WHAT IS EXPECTED
From the first line to the last, return the data exactly, with no pictures.

*** Opening INPUT DATA ***

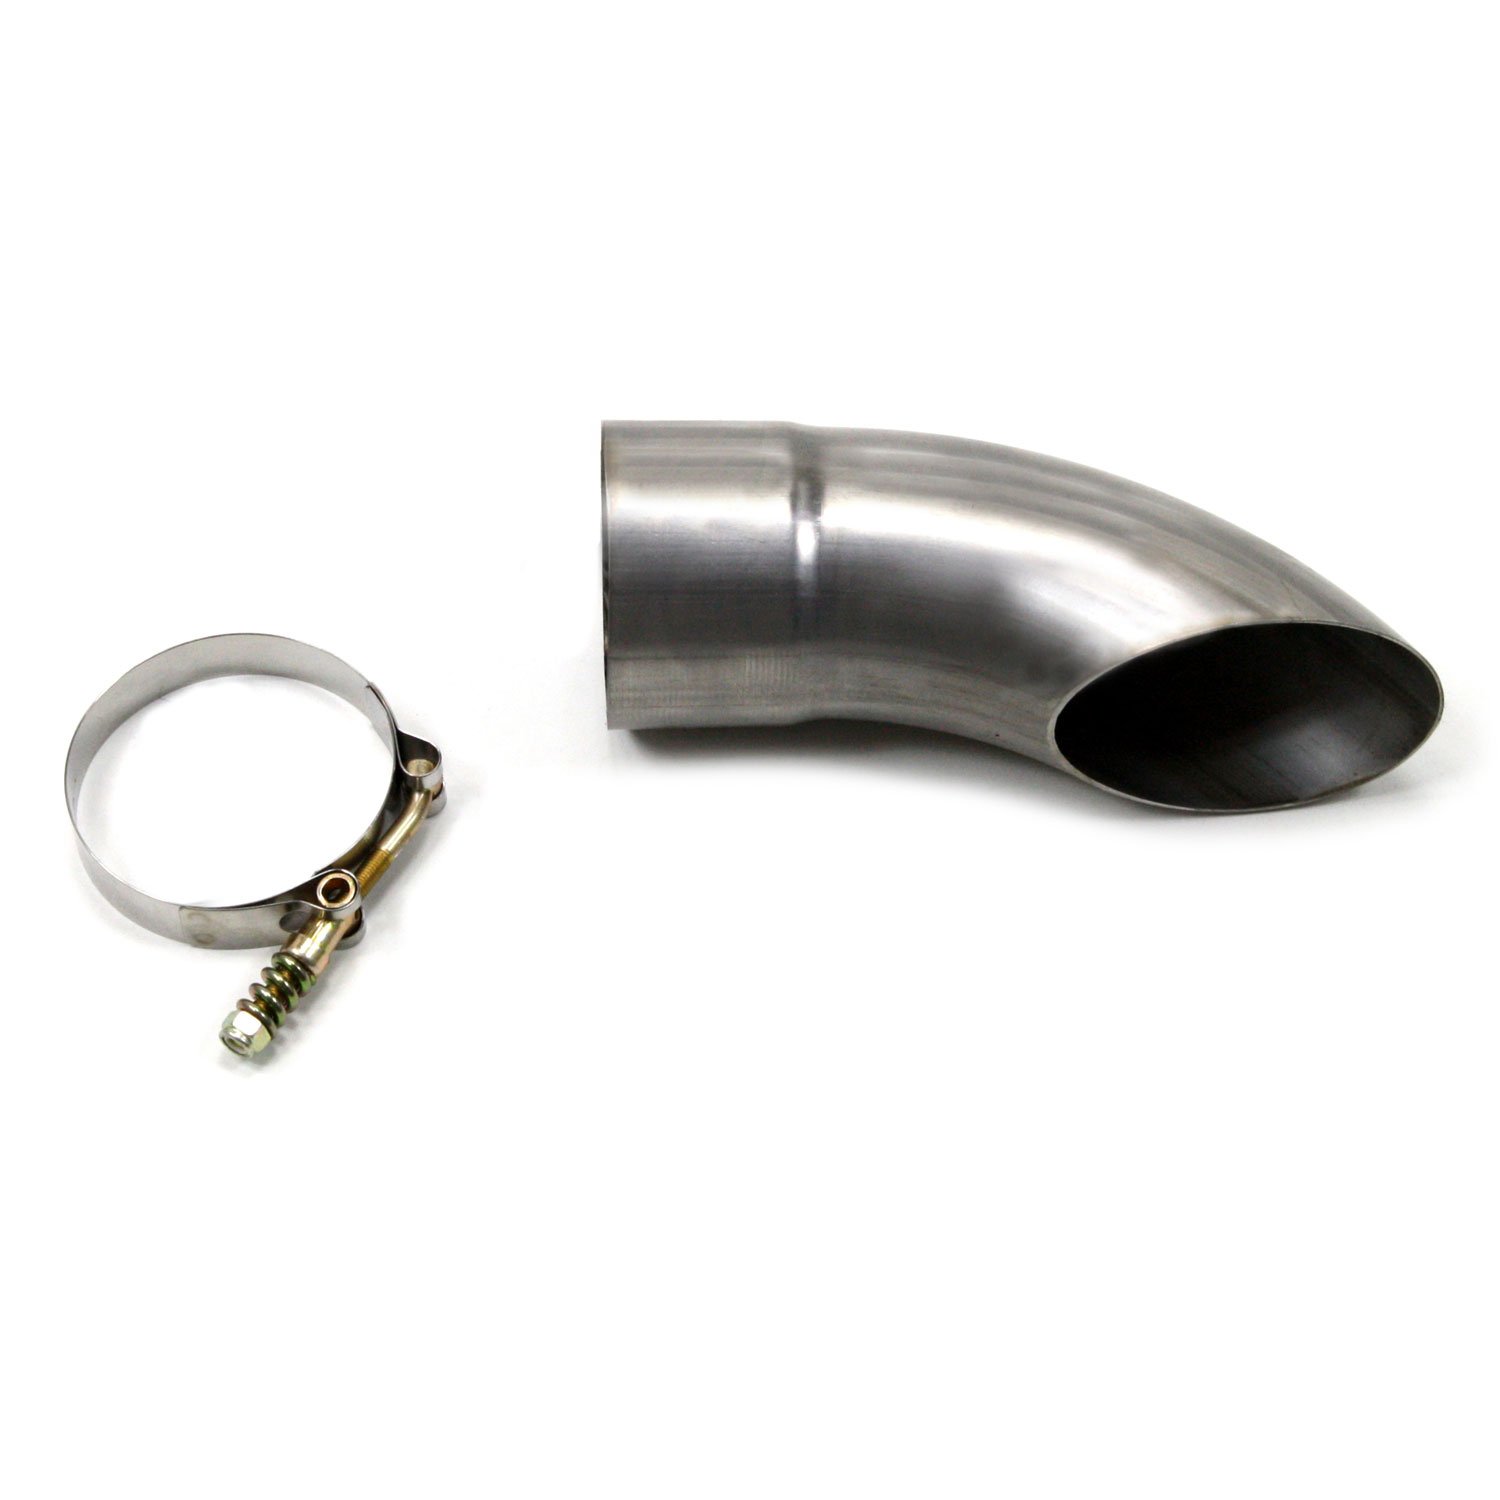 Electric Exhaust Cutout 2-1/2" Stainless Steel Turn Down
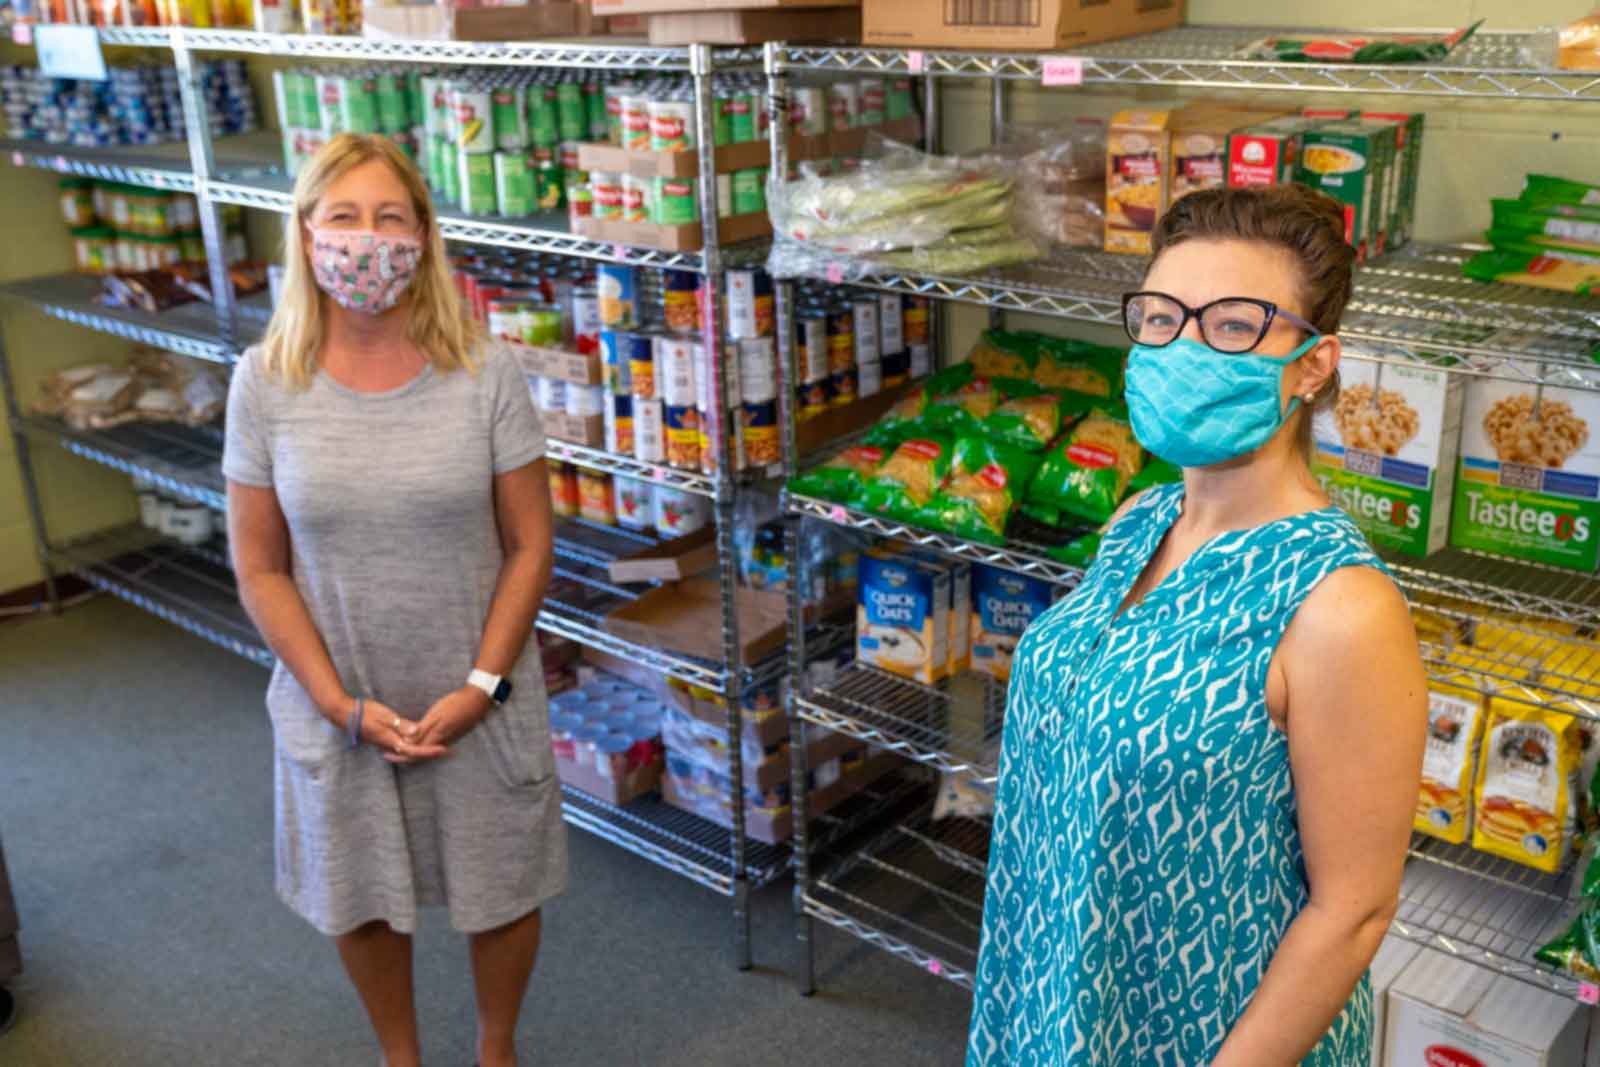 Two women stand in a food pantry isle
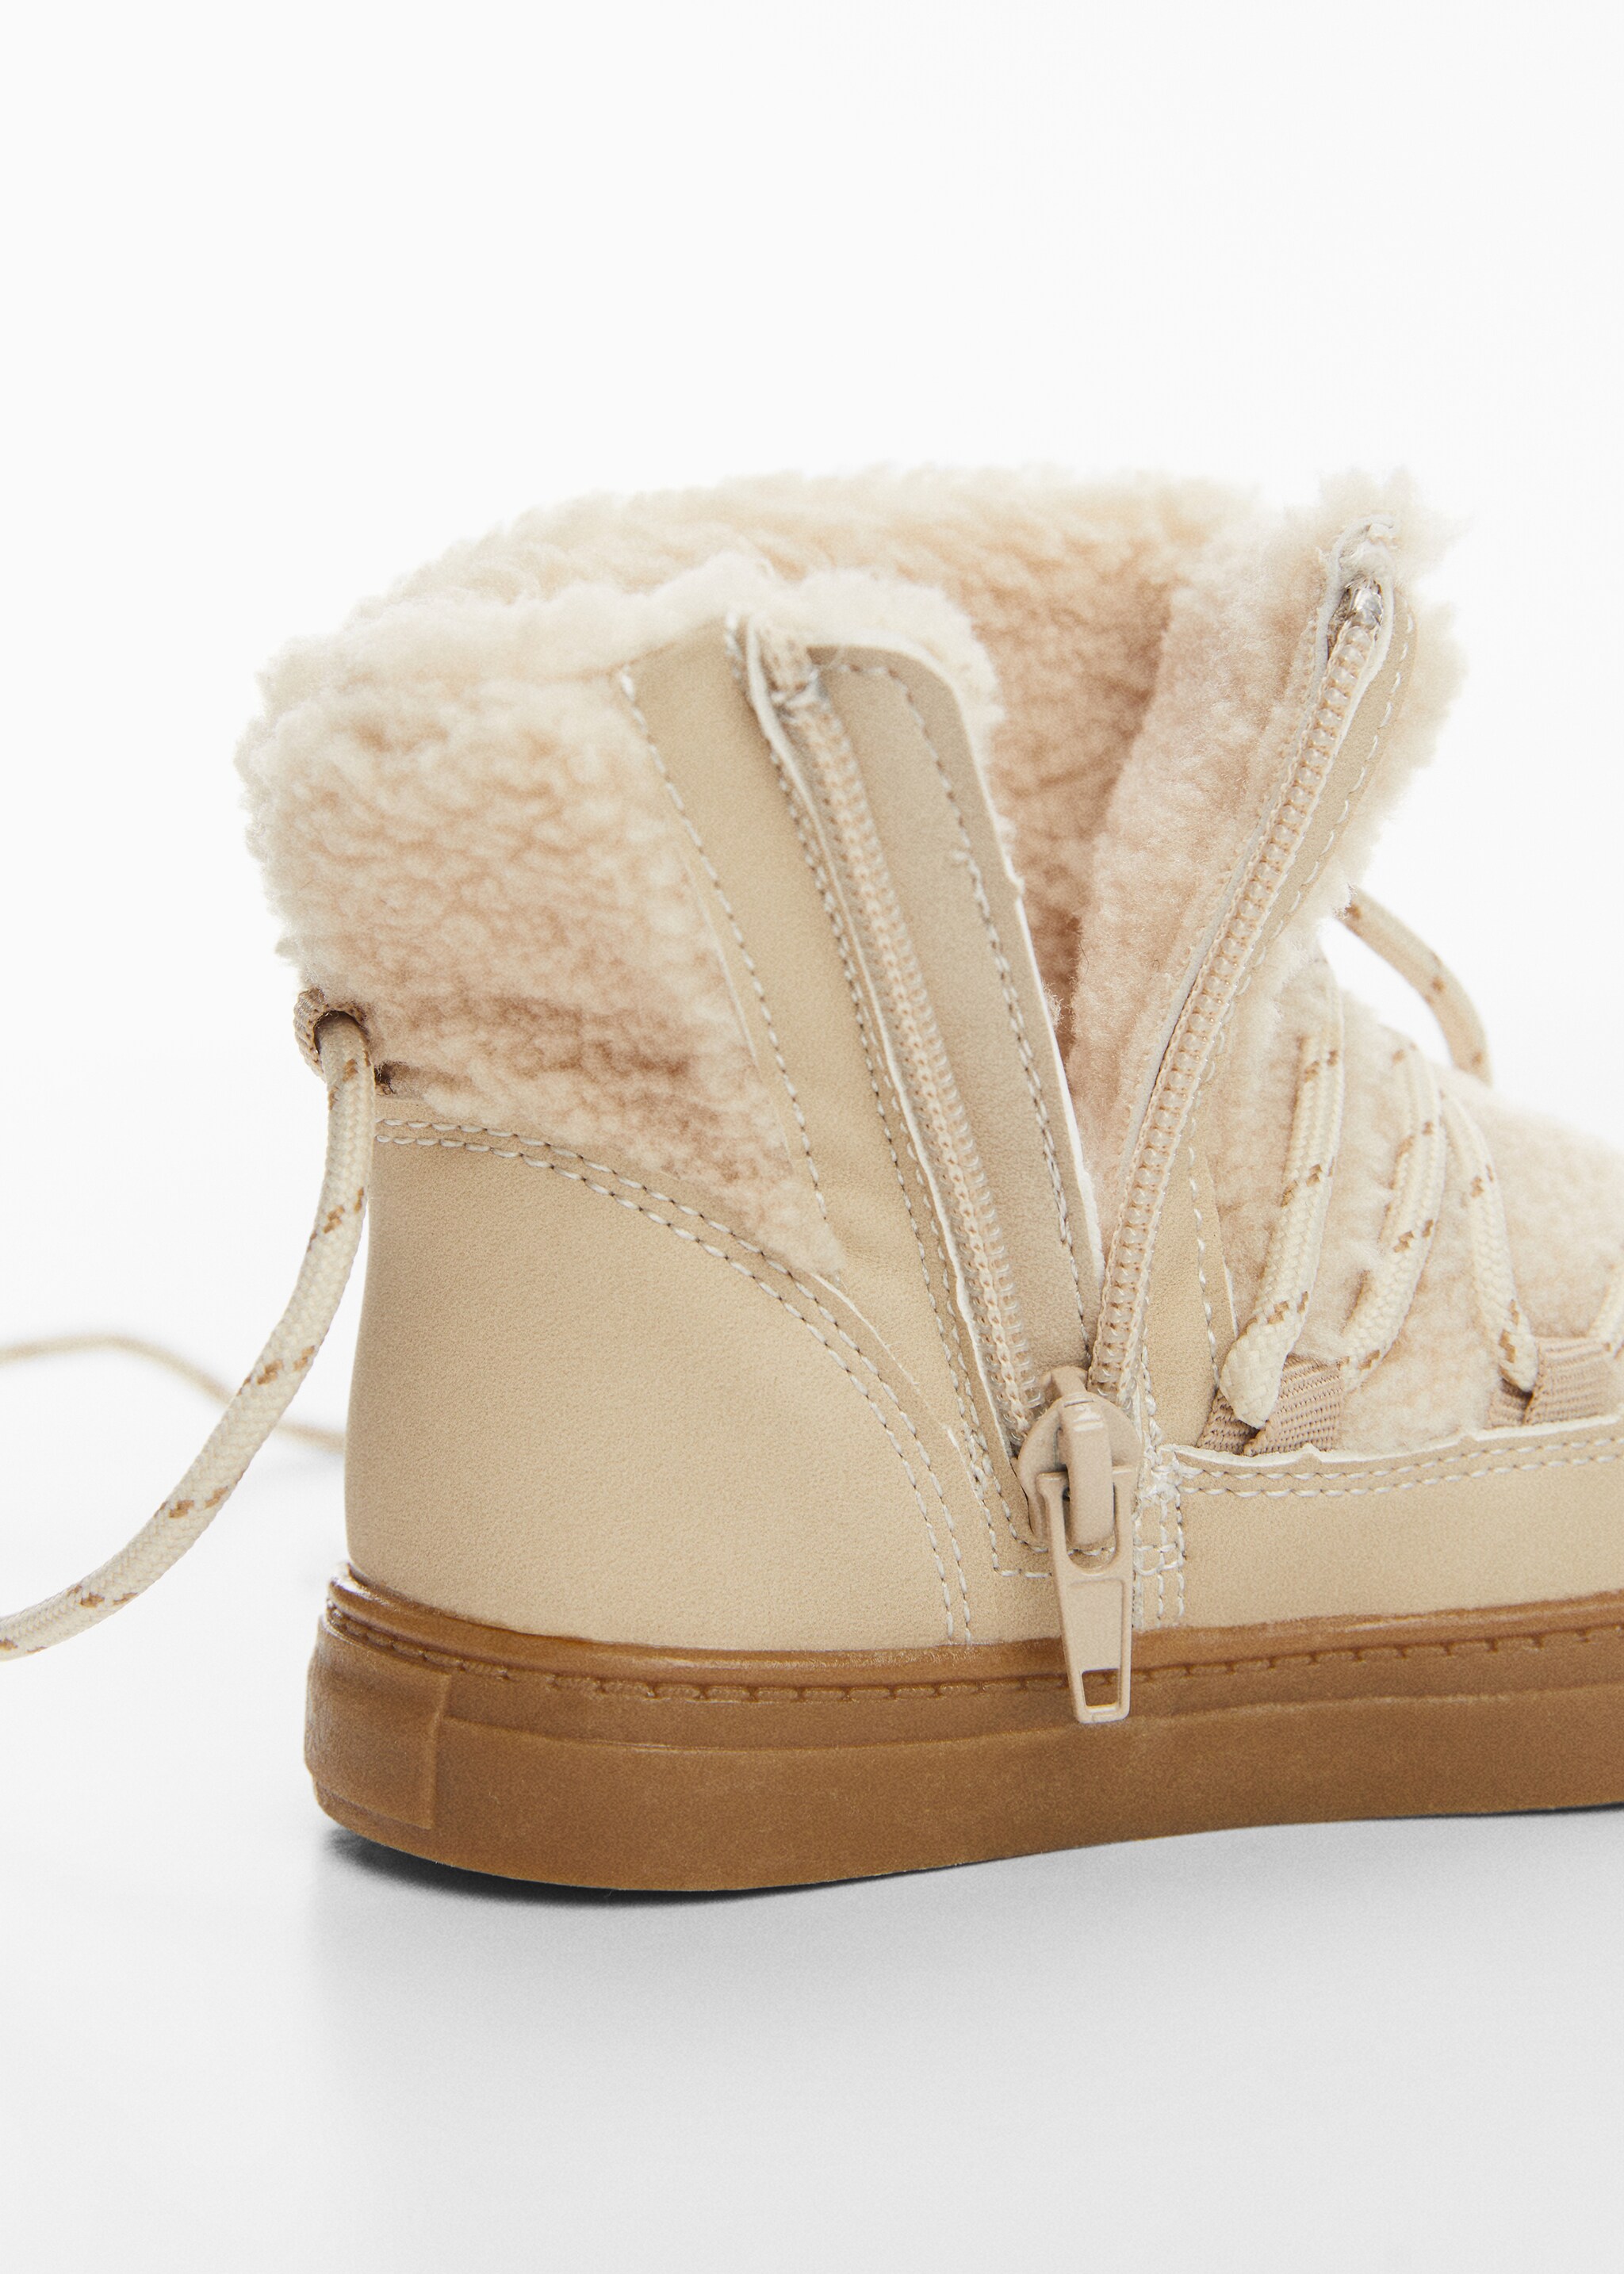 Shearling lace boots - Details of the article 3

*** Closing INPUT DATA ***

FINISHED TASK
 Electric Exhaust Cutout 2-1/2" Stainless Steel Turn Down
 Two women stand in a food pantry isle
 Shearling lace boots - Details of the article 3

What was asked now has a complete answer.